Иван Сергеевич Шмелев (21.IX/3.X.1873, Москва - 24.VI.1950, Бюсси-ан-Отт, похоронен под Парижем) дебютировал как прозаик в 1895 г., опубликовав в журнале «Русское богатство» рассказ «У мельницы». В 1897-м вышла в свет его книга путевых очерков «На скалах Валаама», которая не имела успеха у читателей. К литературному труду он возвратился спустя десять лет. Его произведения 1900-х годов были написаны на современном материале, их герой - «маленький» человек («Вахмистр», «Иван Кузьмин», «По спешному делу», «Распад», «Гражданин Уклейкин»).
Литературную славу И. Шмелеву принесла опубликованная в 1911 г. в XXXVI сборнике «Знания» повесть «Человек из ресторана», в которой была выражена в традициях прозы Н.В. Гоголя и «Бедных людей» Ф.М. Достоевского тема бедных и бесправных, «маленьких» людей, а также знаньевская ориентация на социальные конфликты и протесты, на осуждение довольных и сытых. В повествовании официанта Якова Скороходова о благополучных посетителях ресторана представлен социальный срез богатых российских сословий. Однако уже в этом рассказе И. Шмелев заявил о своей трактовке традиционной, устоявшейся в русской литературе темы. Он ориентировал читателя не на сострадание «маленькому» человеку по Достоевскому и не на его социальное противостояние по Горькому, а на спасение человека, его духовное возрождение через мобилизацию внутренних сил, данных ему Господом. Скороходов в какой-то мере моралист-христианин, он утешается Высшим Промыслом. Тема внутренней победы человека, концентрации его духовных и физических возможностей как результат православного мировосприятия, заявленная И. Шмелевым в «Человеке из ресторана», доминирует во всем его творчестве.

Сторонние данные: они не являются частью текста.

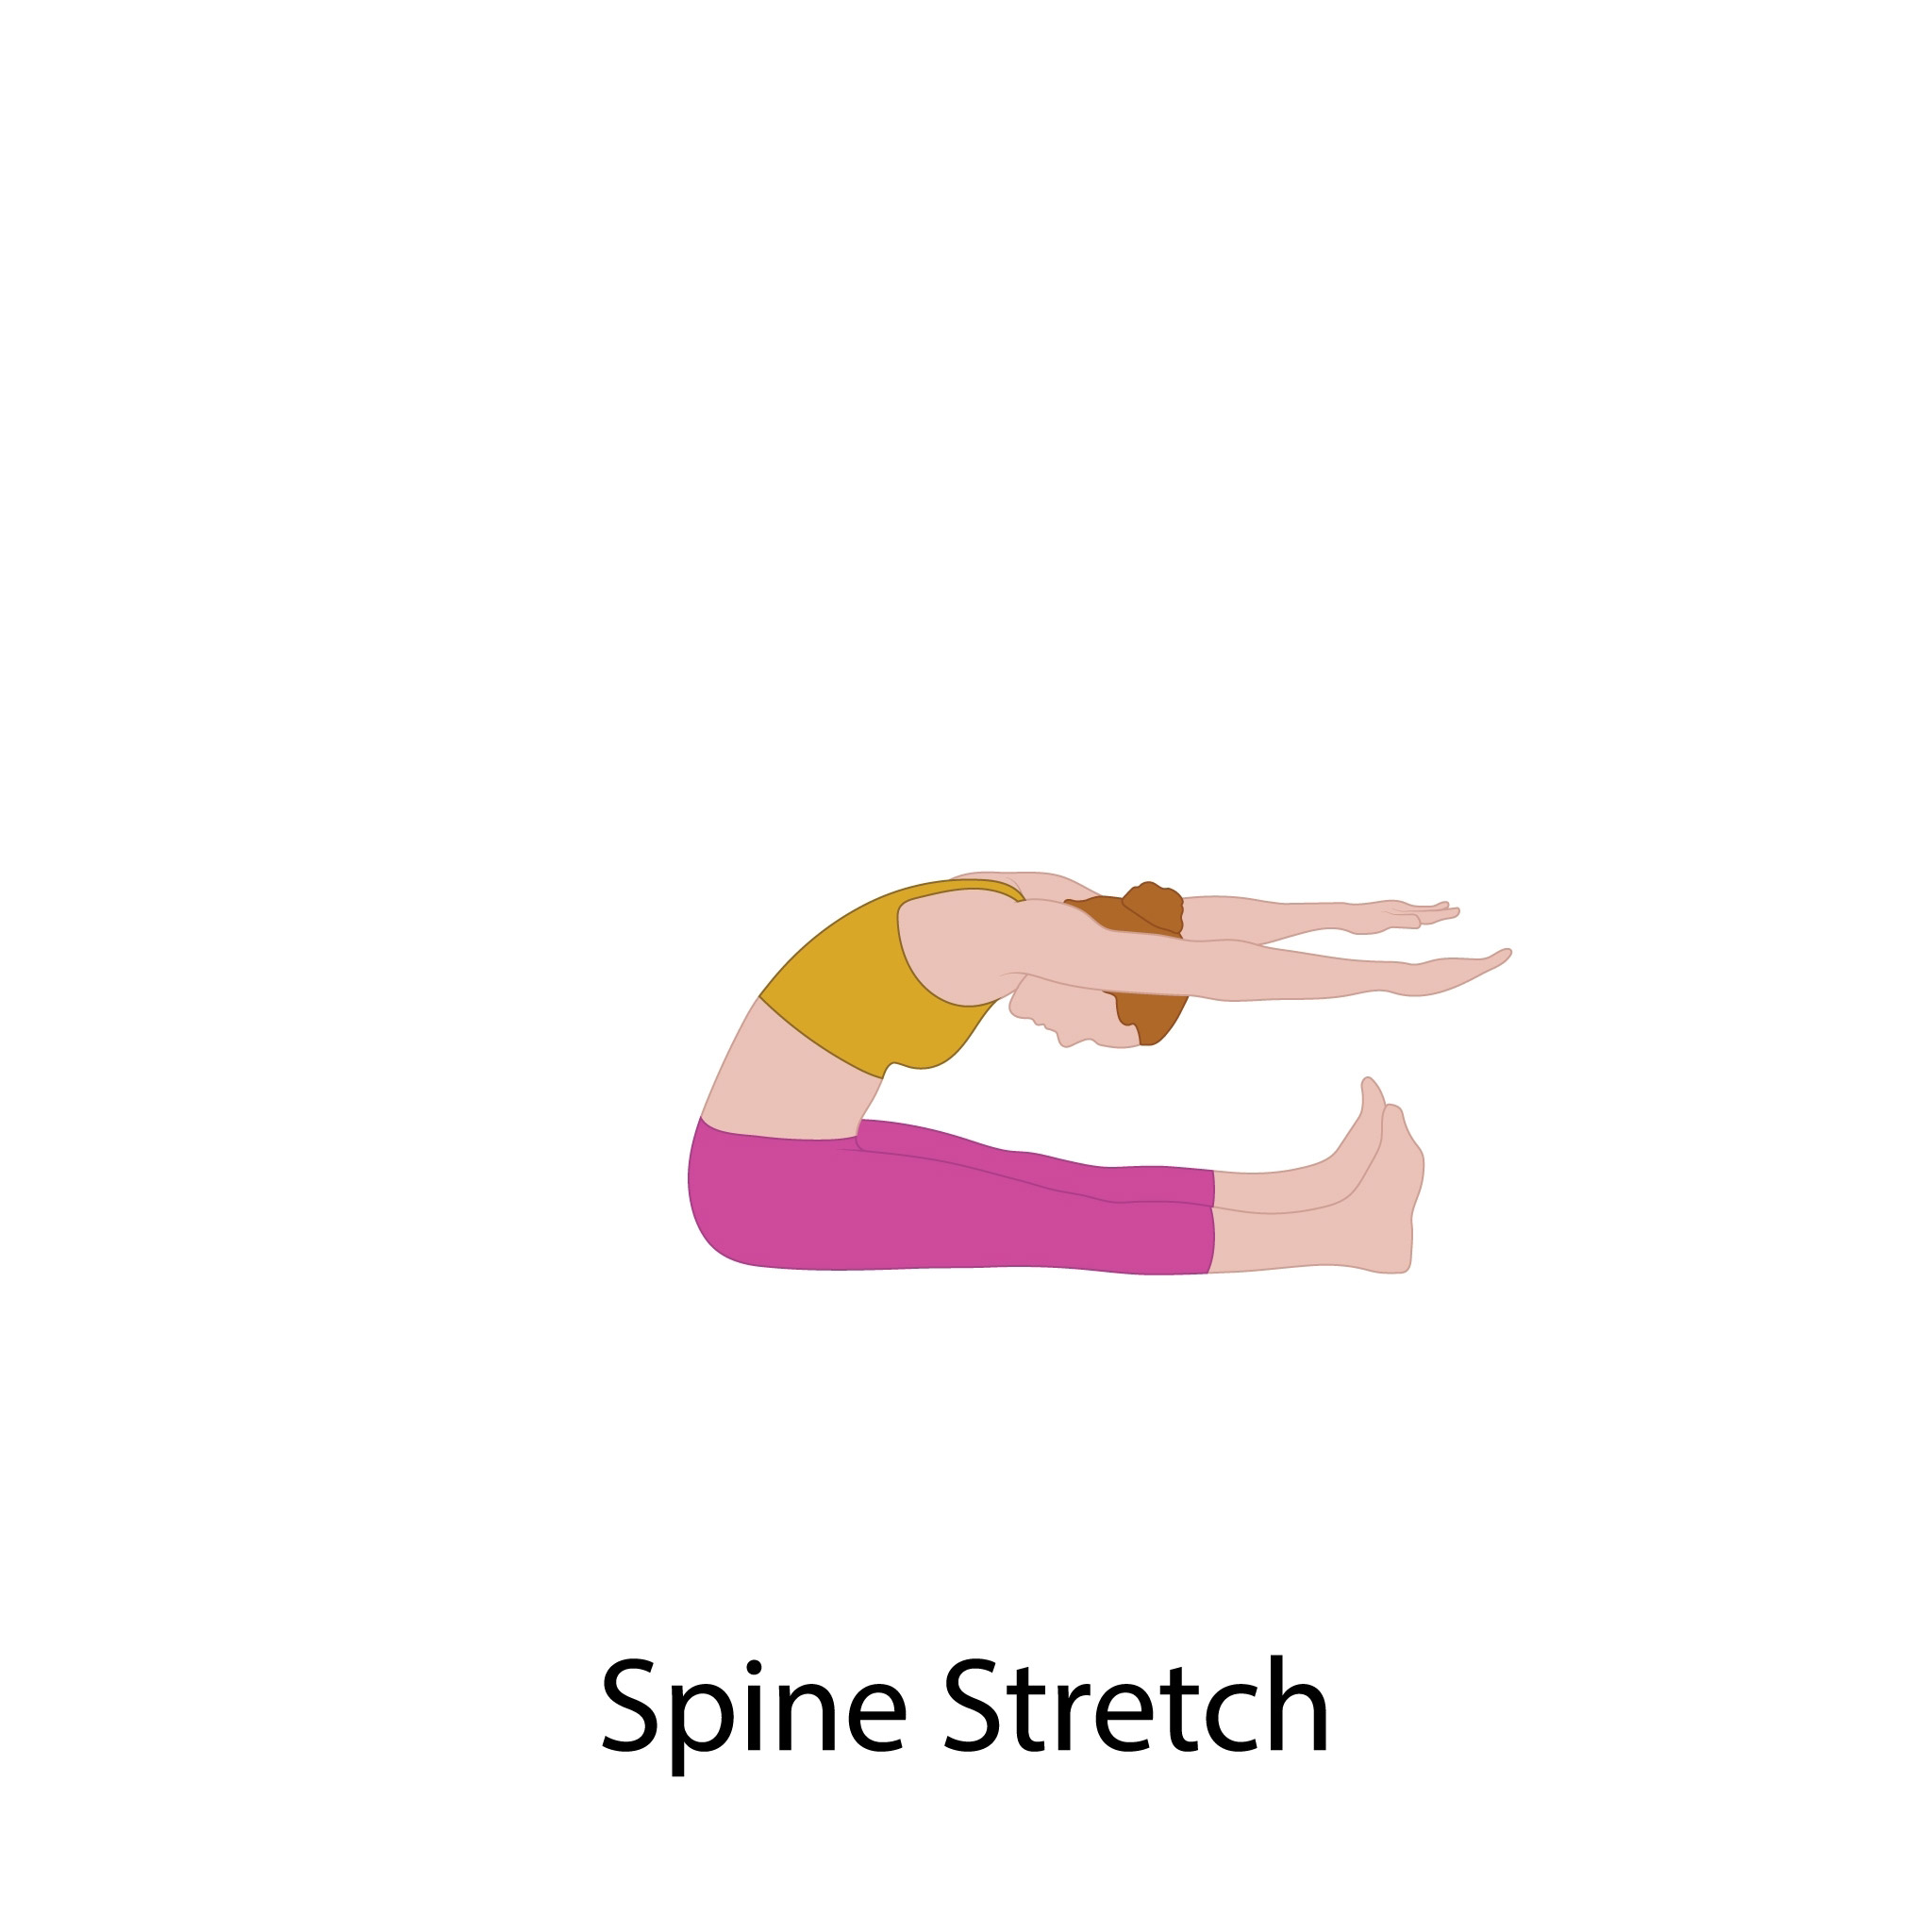 Spine stretch forward 6 rip

Следующий шаг в творческой судьбе И. Шмелева был связан с «Книгоиздательством писателей в Москве», с тем кругом литераторов, которых критика объединила понятием «неореализм». Социальные темы, ориентация на объективное отражение реальности, событийность уступили место иным, неореалистическим, тенденциям, приоритетными стали авторское видение мира, впечатления персонажей от происходящего, лиризм в изображении действительности, сюжетная незавершенность и т.д. В «Росстанях» (1913) И. Шмелев уделил максимальное внимание бытовым деталям, которые не только служили художественным фоном, а выражали прежде всего эмоциональное, субъективное начало повествования.
В тот же период И. Шмелев обратился к иному герою - к патриархальному крестьянину. Уже в его дореволюционном творчестве начала формироваться концепция национального характера и в связи с этим тема исконности, русскости (например, цикл «Суровые дни», 1916), которая наравне с темой возрождения человека, преодоления им земного зла становится одной из главных в послереволюционном творчестве писателя.

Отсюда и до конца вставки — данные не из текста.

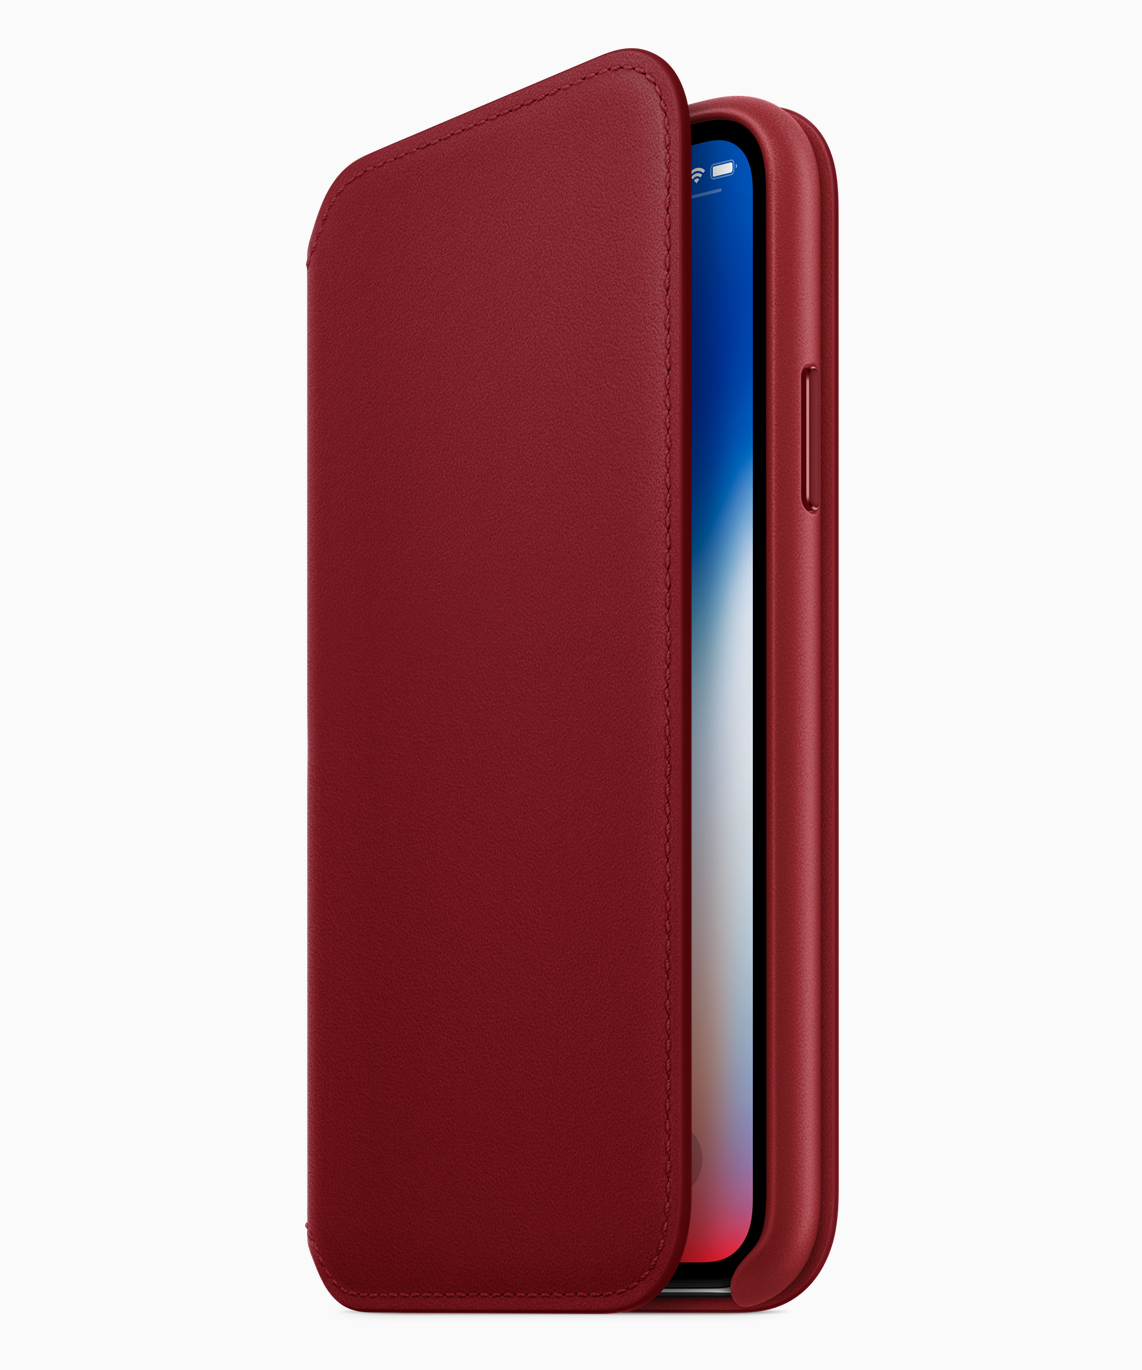 Kırmızı renkli iPhone 8 ve 8 Plus duyuruldu!

Как многие интеллигенты, писатель поверил в Февральскую революцию и категорически не принял Октябрьскую. Вместе с семьей он обосновался в Алуште. Здесь он создал повесть «Неупиваемая чаша», цикл «В Сибирь за освобожденными», «Пятна», сказки. У него еще сохранялись надежды на преодоление разрухи, силу и сознание хозяина, реставрацию привычного уклада. Однако в Крыму он стал свидетелем трагедии многотысячной Добровольческой армии, массовых казней белогвардейцев. Там же красными был расстрелян его сын.
Весной 1922 г. И. Шмелев возвратился в Москву, ему удалось выхлопотать разрешение на выезд из России, 20 ноября вместе с женой он покинул родину. Шмелев поселился в Берлине, затем, с января 1923 года, - в Париже. В России он опубликовал 53 книги своих произведений, их повторное издание составило восьмитомное собрание повестей и рассказов.

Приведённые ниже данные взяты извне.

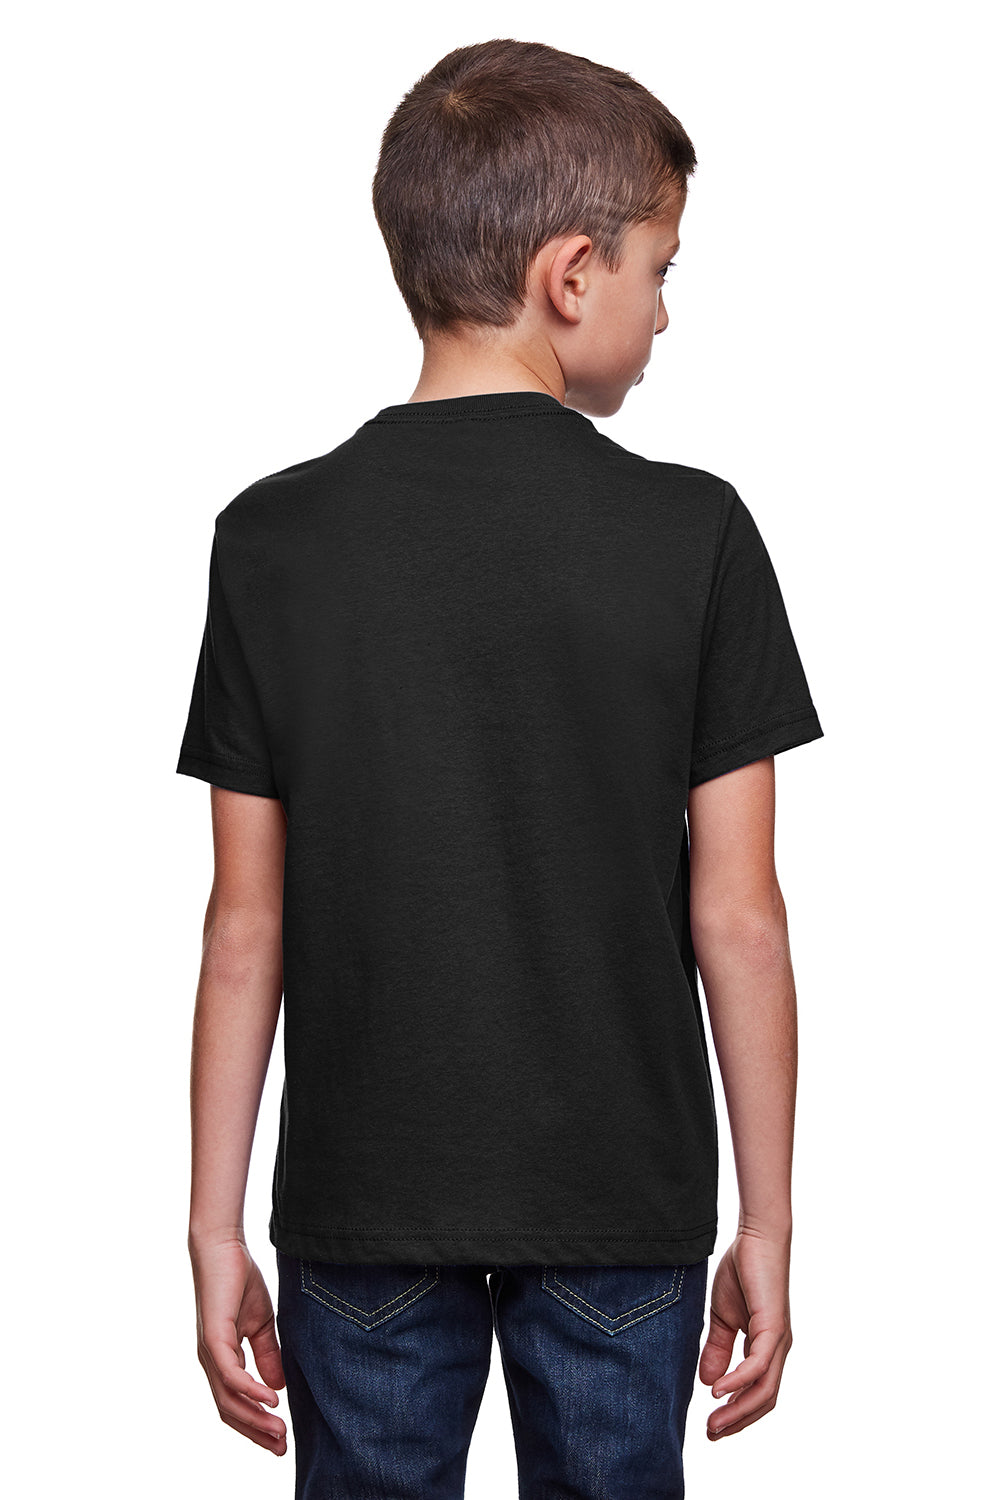 Next Level 4212 Youth Eco Performance Moisture Wicking Short Sleeve Crewneck T-Shirt Black Back

Революция была воспринята Шмелевым как русский апокалипсис. В 1923 г. он написал автобиографическую прозу о Крыме времени большевиков «Солнце мертвых», об умирании когда-то сотворенного Господом мира, жанр которой он обозначил как «эпопею». Созерцающий гибель земного рая герой-рассказчик, окруженный голодной крымской живностью, в мыслях своих, как ветхозаветный муж, обращается к вечности - палящему солнцу, морю, ветру и находит утешение в Боге. Господь укрепляет его веру в бесконечность мира, в вечную жизнь души, помогает сохранить покой и волю, не оказаться своим в той звериной, древней, пещерной жизни, где едят кошек, крадут коров, конфискуют библиотеки, выгоняют из собственных домов, где горсть пшеницы дороже человека и где «убивать ходят».
Написанная в притчевой манере глава о карательной миссии красных «Кто убивать ходят» выражает эсхатологическую, апокалипсическую тему «эпопеи»: время повернулось вспять, к пещерным предкам, черти вот-вот «начнут бить в стены, трясти наш домик, плясать на крыше», и много работы прибавилось тем, «кто убивать ходят» - «за горами, под горами, у моря», они уставали, «нужно было устроить бойни, заносить цифры для баланса, подводить итоги», убить надо было много, более ста двадцати тысяч.
Два персонажа «Солнца мертвых» - рассказчик и доктор - ведут спор об истории, времени, смерти и вечности. Если Крым стал «ликующим кладбищем» с ненужностью дней и если «от самого Бела Куна свобода убивать вышла», то и часы, как замечает доктор, строго воспрещены, и время для него остановилось, и от него уже пахнет тленьем. Доктор перестает верить в бессмертие души. Он уверен, что ныне жизнь человека укладывается между «помойкой», в которую красные превратили землю, и небытием («от помойки в ничто»). Новую власть доктор воспринимает провиденциально: «хулиган» пришел и сорвал завесу с «тайн».
В личной жизни доктора бытие «помойки» выразилось в смерти его жены и невозможности похоронить ее по-людски. Свой последний приют она находит в собственном приданом - гробом служит шкаф, в котором когда-то хранилось абрикосовое варенье. Доктор готов создать философию реальной ирреальности, религию «небытия помойного», при котором кошмарная сказка становится былью и бахчисарайский татарин, как баба Яга, засаливает и съедает свою жену. По всему Крыму за три месяца доктор насчитал восемь тысяч вагонов человечьего мяса, трупов людей, расстрелянных без суда и следствия, - то был «вклад в историю... социализма».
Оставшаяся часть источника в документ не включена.